# Specific 3D Printers, Scanners, & Hardware > Other 3D Printers / Scanners / Hardware > UP 3D Printers Forum >  UP! Mini - I like.... (Potential upgrades?)

## Kingoddball

*Simple Thread...
I like the UP! Mini.*
I got one last week for $650. I will be using it to help with upgrades to my i3 and SmartRap fleet... In reality I got it because it looks awesome!

After looking on their website a new computer for it is $1100 + $400 for another part.. *WHAT A JOKE*.

After around 5 mins of looking at the internals, I've had a thought of replacing the internal computer for a RAMPS system.
I have no need to, but more the point of if it breaks, I won't be paying $1500USD - I'll pay $35AUD!
All of the ribbon cables are fairly basic wiring, just isolate each component and split the ends to connector plugs.
The PCB's on the extruder are just point to point connections.

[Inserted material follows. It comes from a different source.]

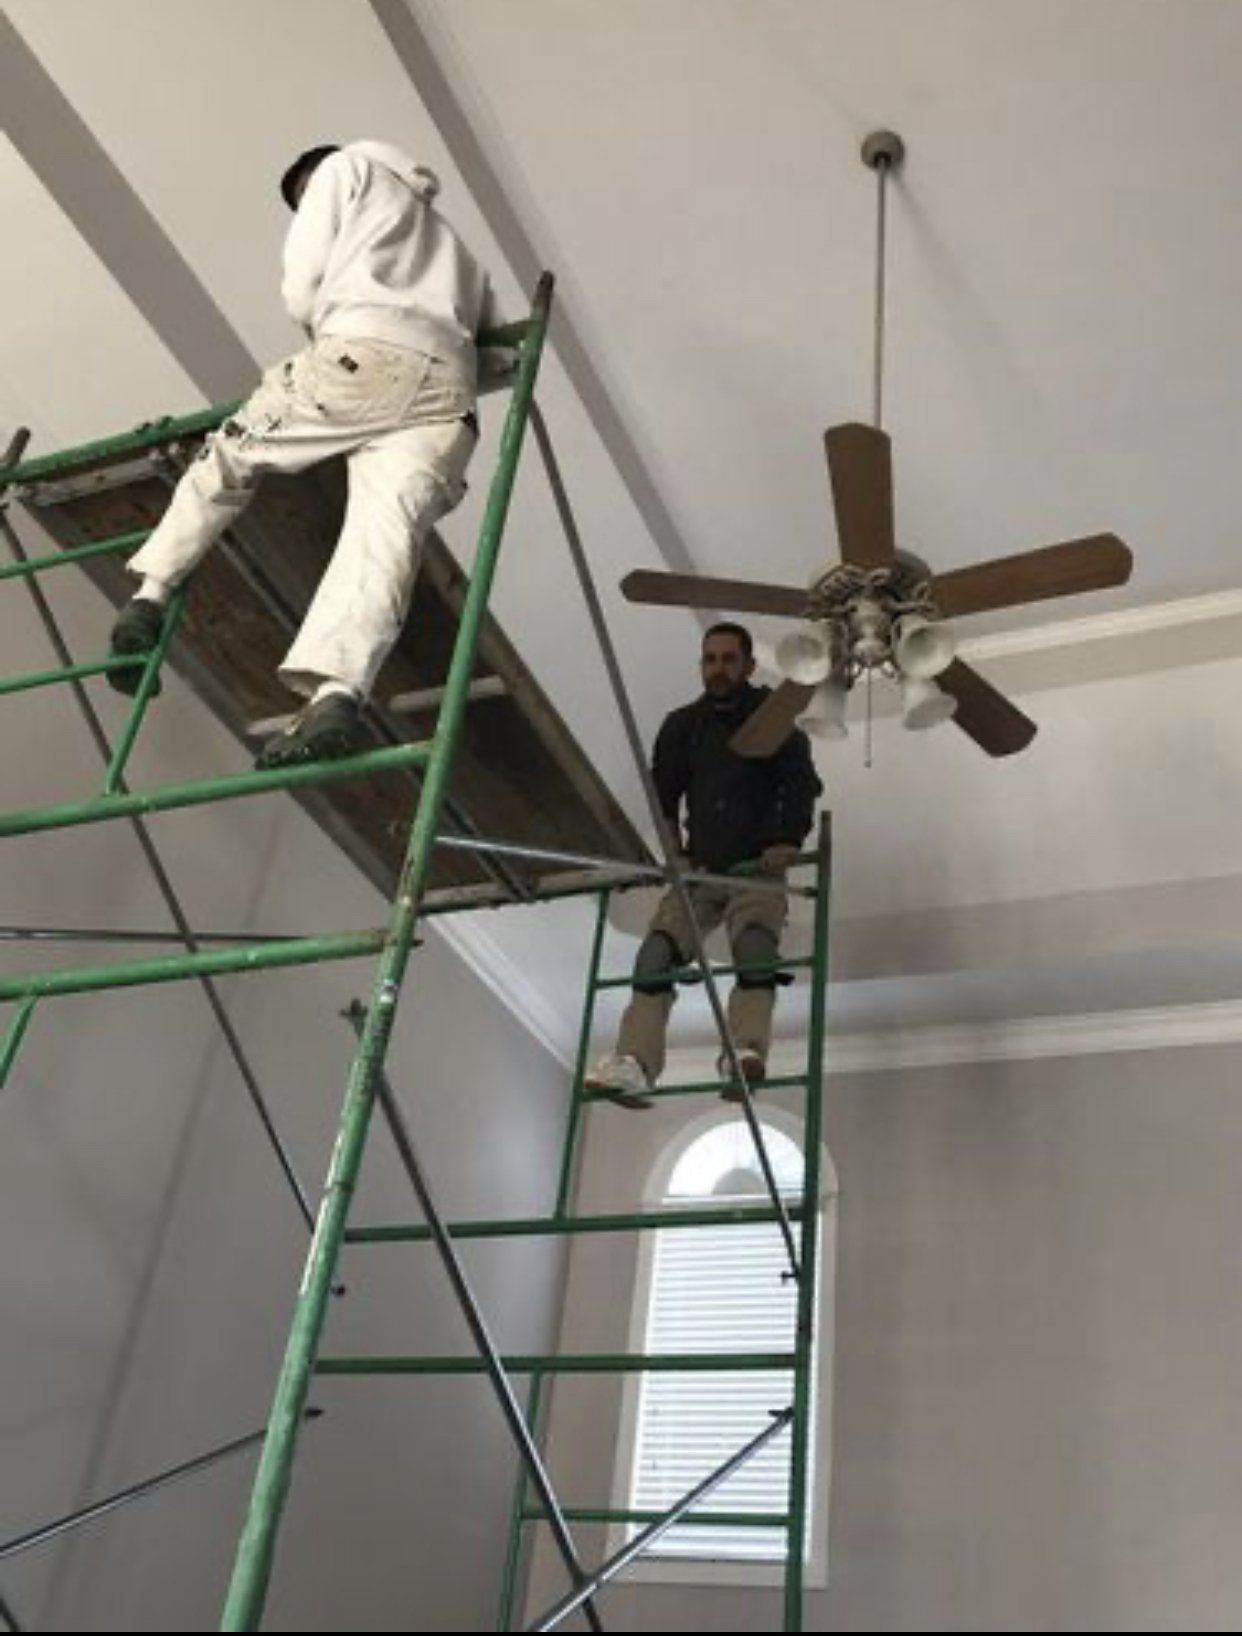 ceiling painting

This thread is nothing other than appreciation and an observation...  :Embarrassment:  :Cool:

----------


## Macflame

I bought one from that well known auction site. It was minus the extruder. A quick look on thingiverse made me think I could do a mod and fit an off the shelf one. I didn't realise that I needed a PCB to receive the ribbon cable. I don't suppose you know how the pinouts for the PCB so that I can connect an extruder etc.? I have ordered a PT100 thermistor to make it compatible with the Up! software.

----------